What would the populations even be if we wanted to randomly sample over these "random effects" variables?
- Site: Any room in any building anywhere in the U.S.?
- Experimenter: Any psychologist anywhere, or any who has submitted to (Insert Journal Here), or any who is within five miles of the site (making the population "hierarchical" rather than a product)?
- Stimuli: This one is relatively straightforward at least; if we have a list of English color words we should be able to randomly sample congruent pairs relatively easily if we have a conservative model for e.g. "colors that are definitely green." Sampling incongruent pairs is fine, too, just randomly sample a color word and independently sample a random color, then have some human filter out any pairs that happen to be congruent or accept that a few accidentally congruent pairs will show up. (Although now you have a problem if color words aren't evenly distributed across colors — for example if you have lots more words for shades of red (crimson, vermillion, ...) than for shades of green.)
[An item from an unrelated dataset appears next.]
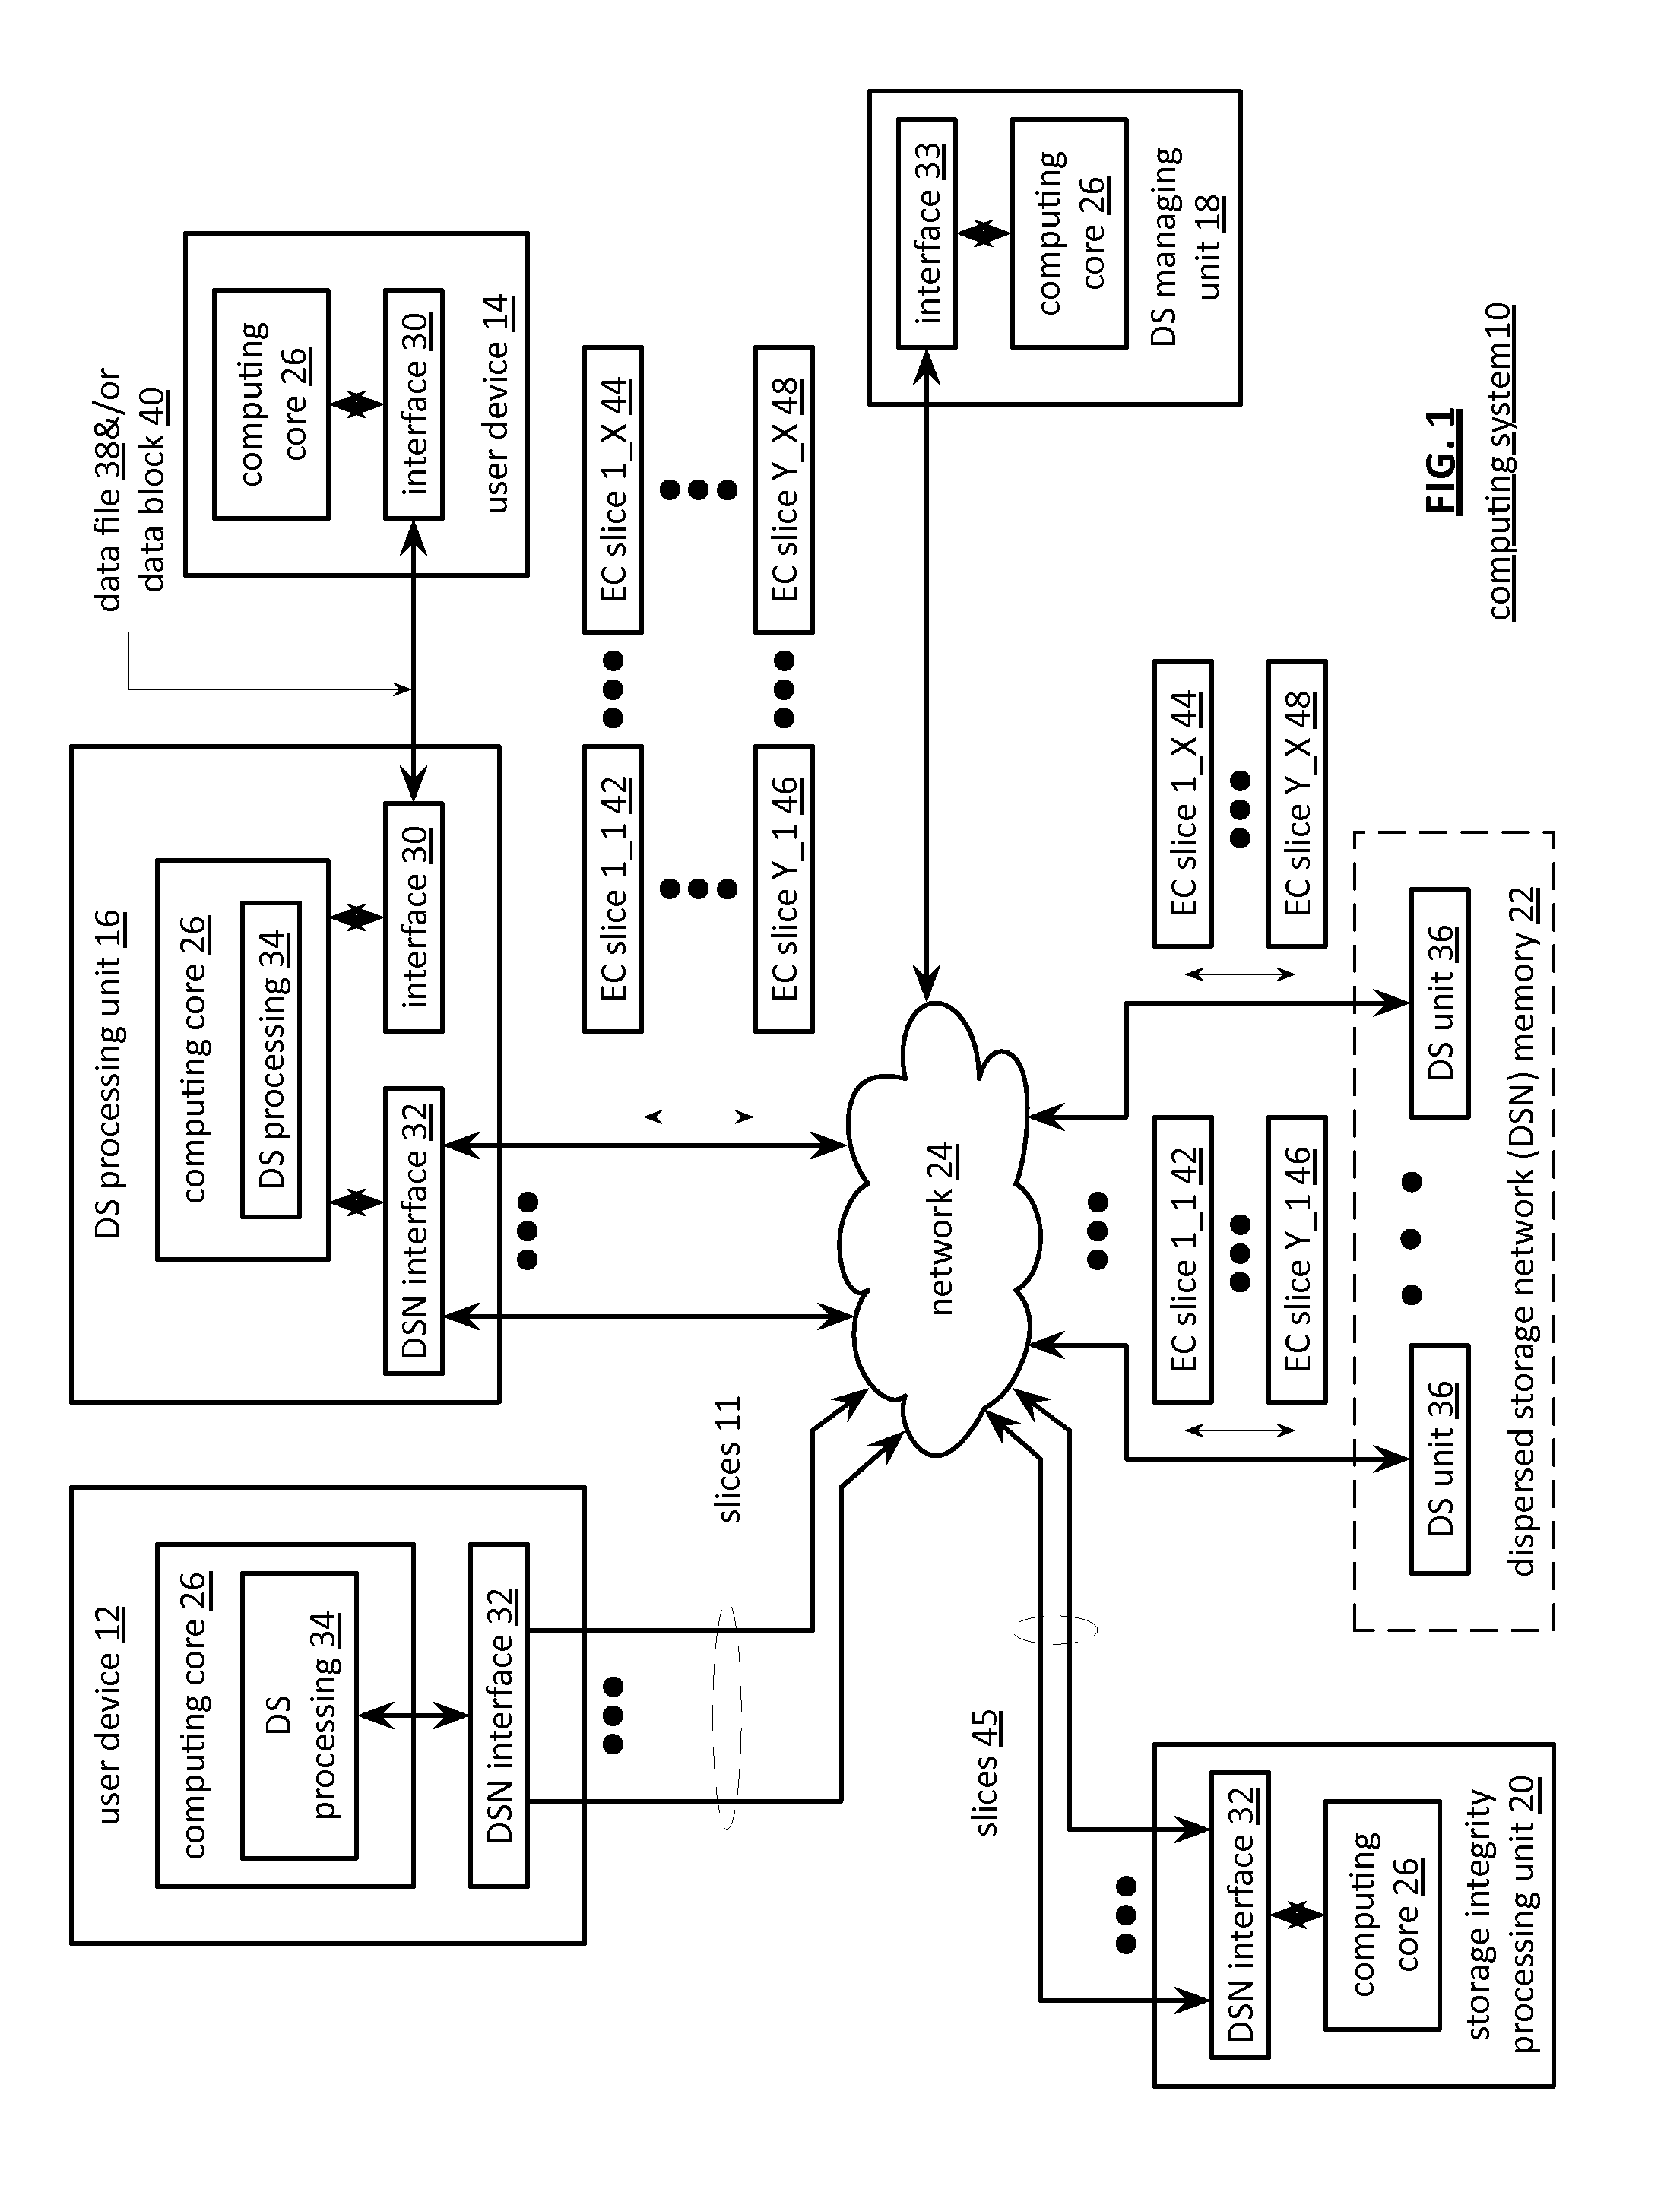 Coordinated retrieval of data from a dispersed storage network

- Task: For Stroop I think we can assume this is fixed.
- Instructions: Any English text that conveys the same factual information about how to perform the task? (I suspect there are way too many of those to be practical and most of these descriptions would not make for good instructions. Arguably "the complete works of Shakespeare, followed by 'Now ignore the preceding and read the following instructions: ...' is such a string. Or: Replace Shakespeare with equal length "monkey on typewriter" text. Or: Replace Shakespeare with text sampled from an English raw word frequency model. Et cetera.)
It is totally impractical to sample from any of these possible populations. The fixed population definitions I could name seem either (1) obviously absurd, as above, or (2) so restricted that generalization once again becomes a problem, because you have to restrict to a practical subset that is much smaller than the relevant population. You just can't perfectly randomize all of the relevant nuisance factors out — if you want to generalize then at some point you have to take a leap from a limited model. That's not to argue in favor of psychology in the right place with respect to randomizing over these factors — but I wonder what Yarkoni thinks about the tradeoff.
The paper makes some good points — but it's unclear what to take away from the bulk of it. Given that these fixed definitions seem silly — what would it mean to model these factors as "stochastically sampled"? How could this be made reasonable? Maybe it is better to do things this way than to leave those effects out entirely — but I expect it to still be overconfident in the sense that we still have to pretend to have eliminated sampling bias when interpreting the model, so that the error estimate is less than it should be, and it seems no rational method can resolve that.
Given that we know even such an adjusted model is wrong — what can we take away from it? It would seem strange to take the numbers produced at face value — but it also feels a bit deranged to say we must throw them out entirely. What do we do instead?